→ **Given data**

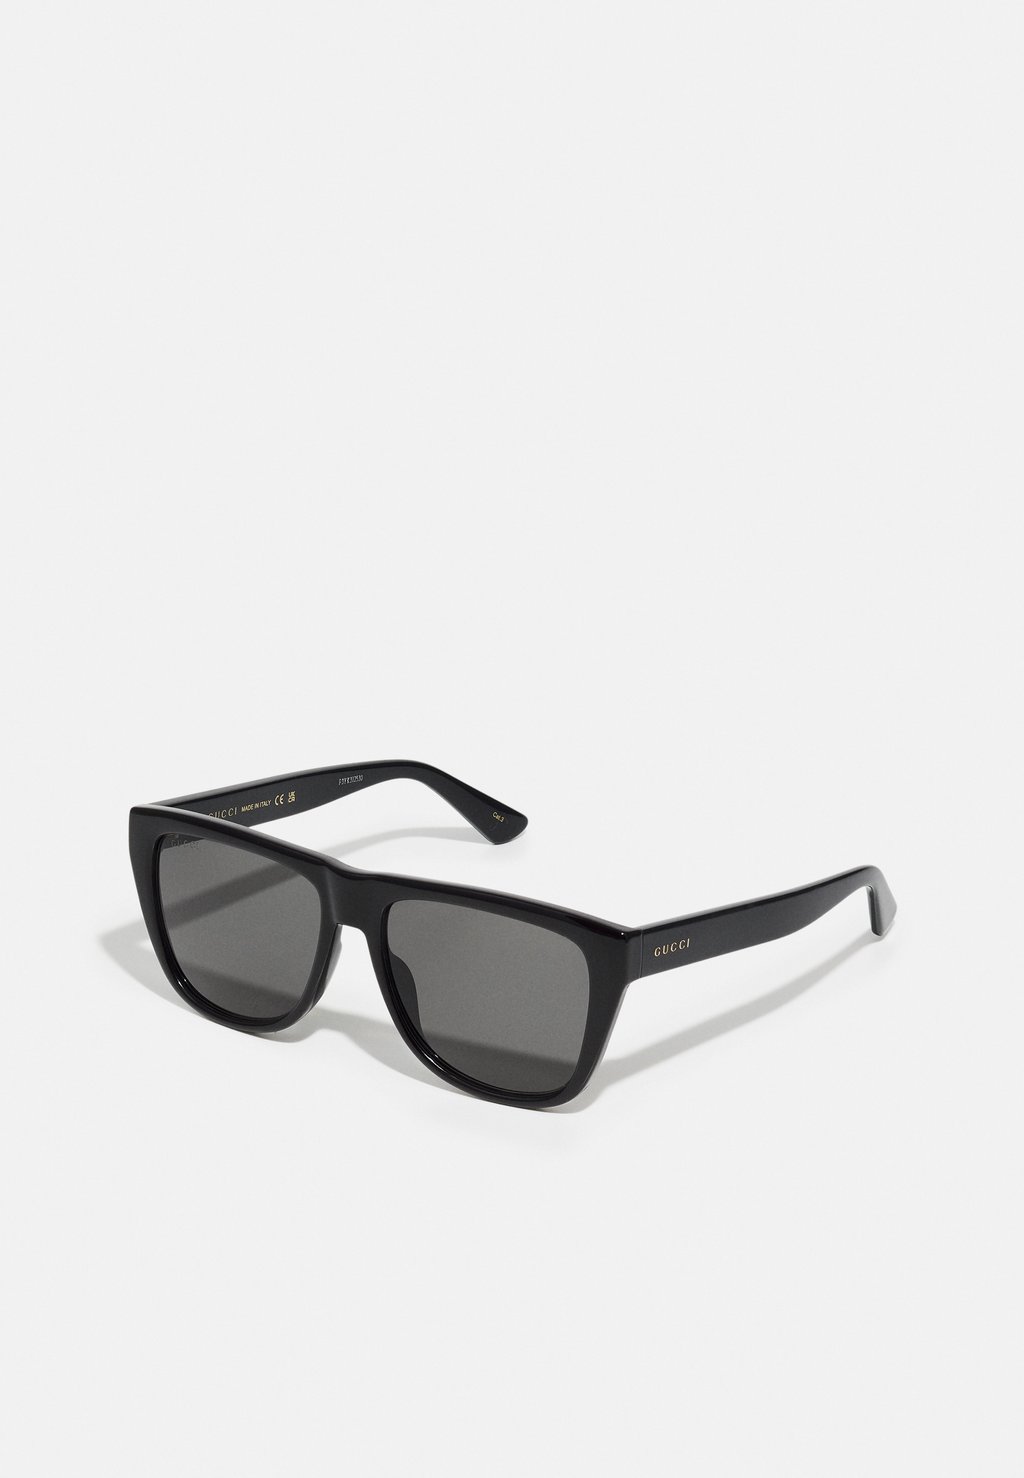 Солнцезащитные очки Unisex Gucci, цвет black/smoke
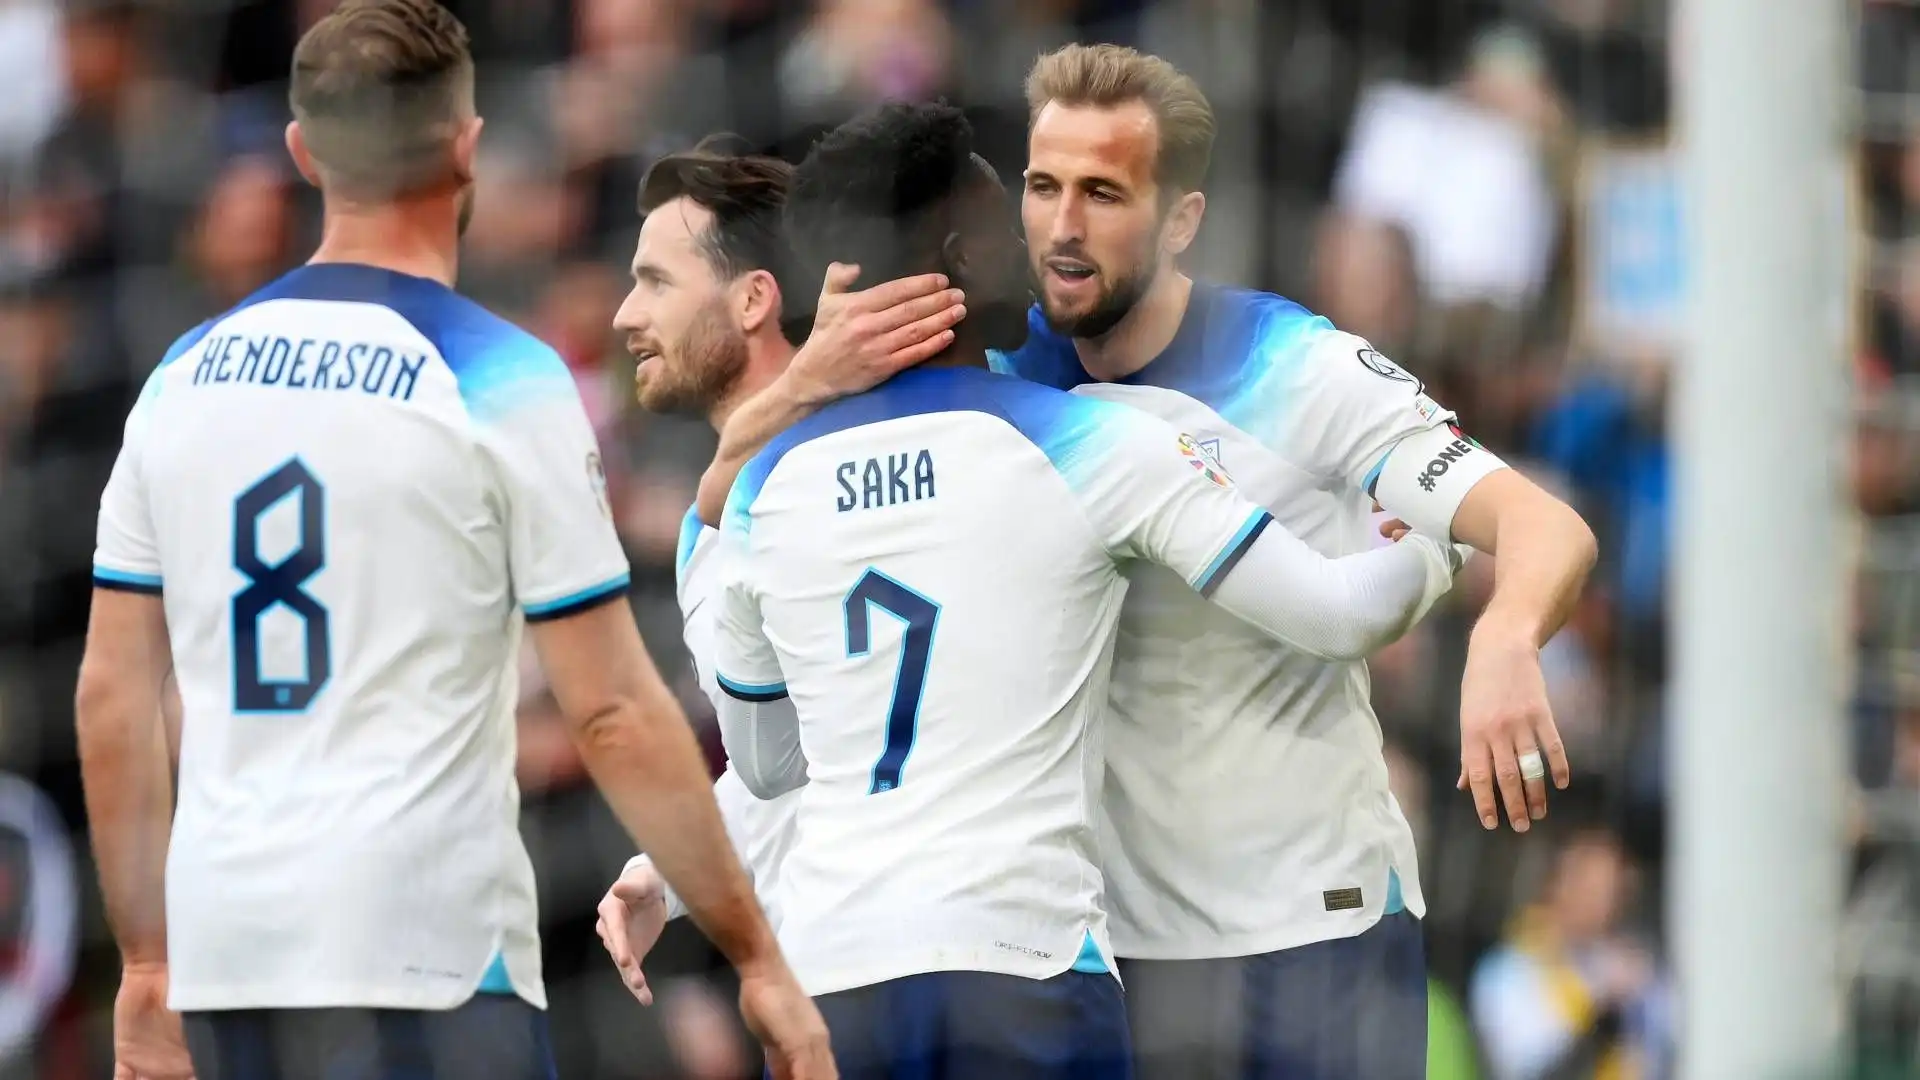 L'Inghilterra batte 2-0 l'Ucraina grazie ai gol di Kane e Saka
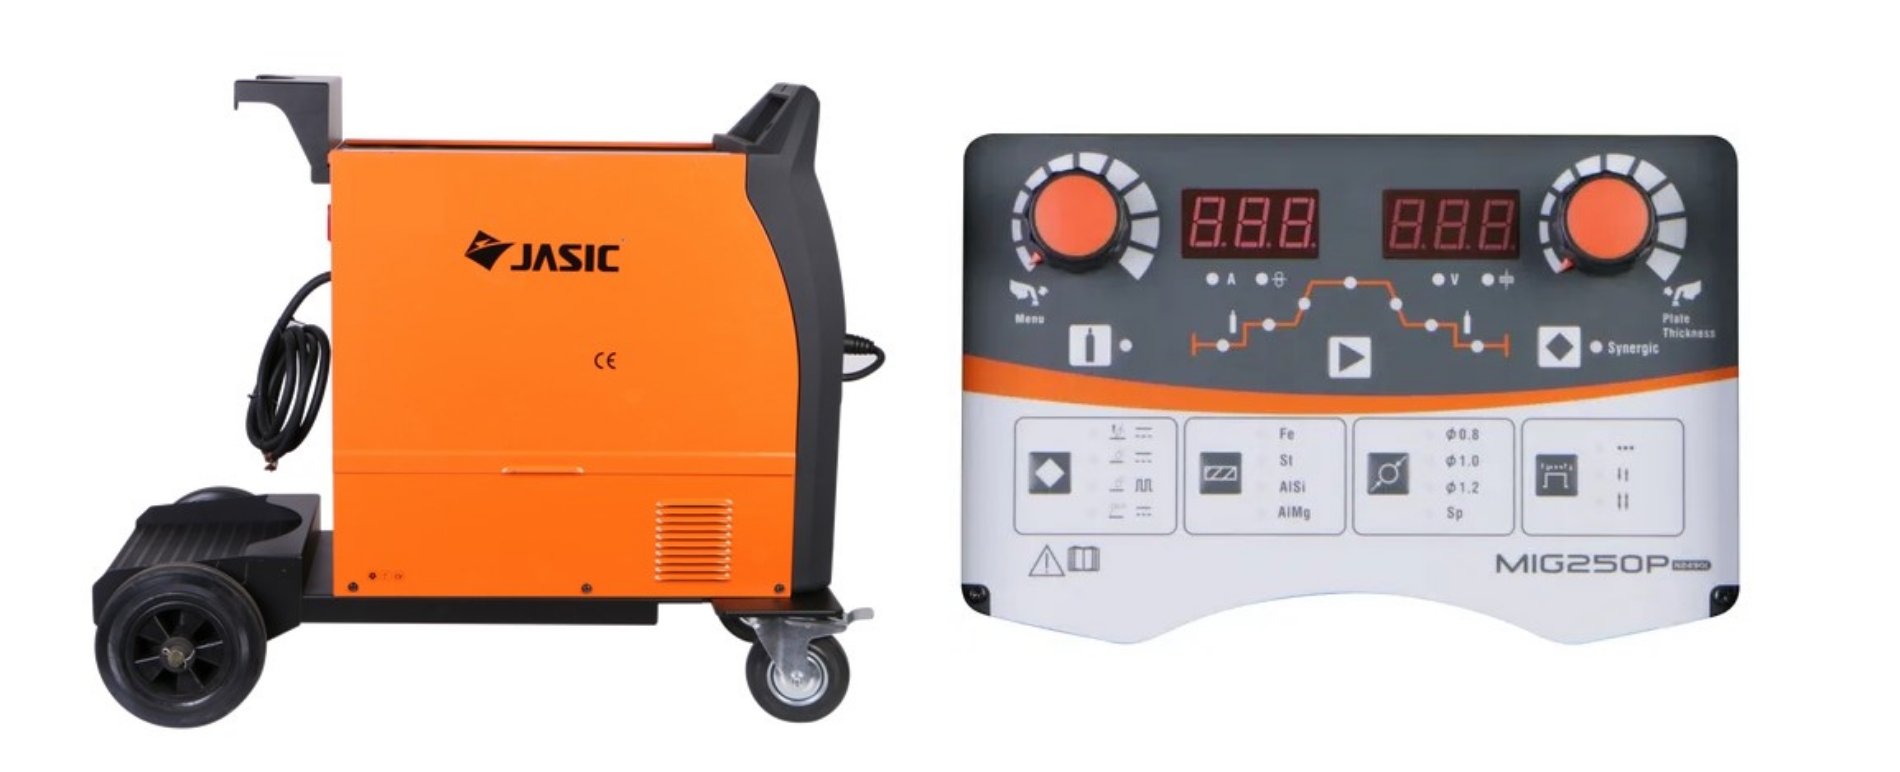 JASIC MIG 250 Pulse Inverter Mig Welder 230V 3

→ **Exercise description**
Take the listing above and restate it word for word, without its pictures.

→ **Response to this task**
 Солнцезащитные очки Unisex Gucci, цвет black/smoke
 L'Inghilterra batte 2-0 l'Ucraina grazie ai gol di Kane e Saka
 JASIC MIG 250 Pulse Inverter Mig Welder 230V 3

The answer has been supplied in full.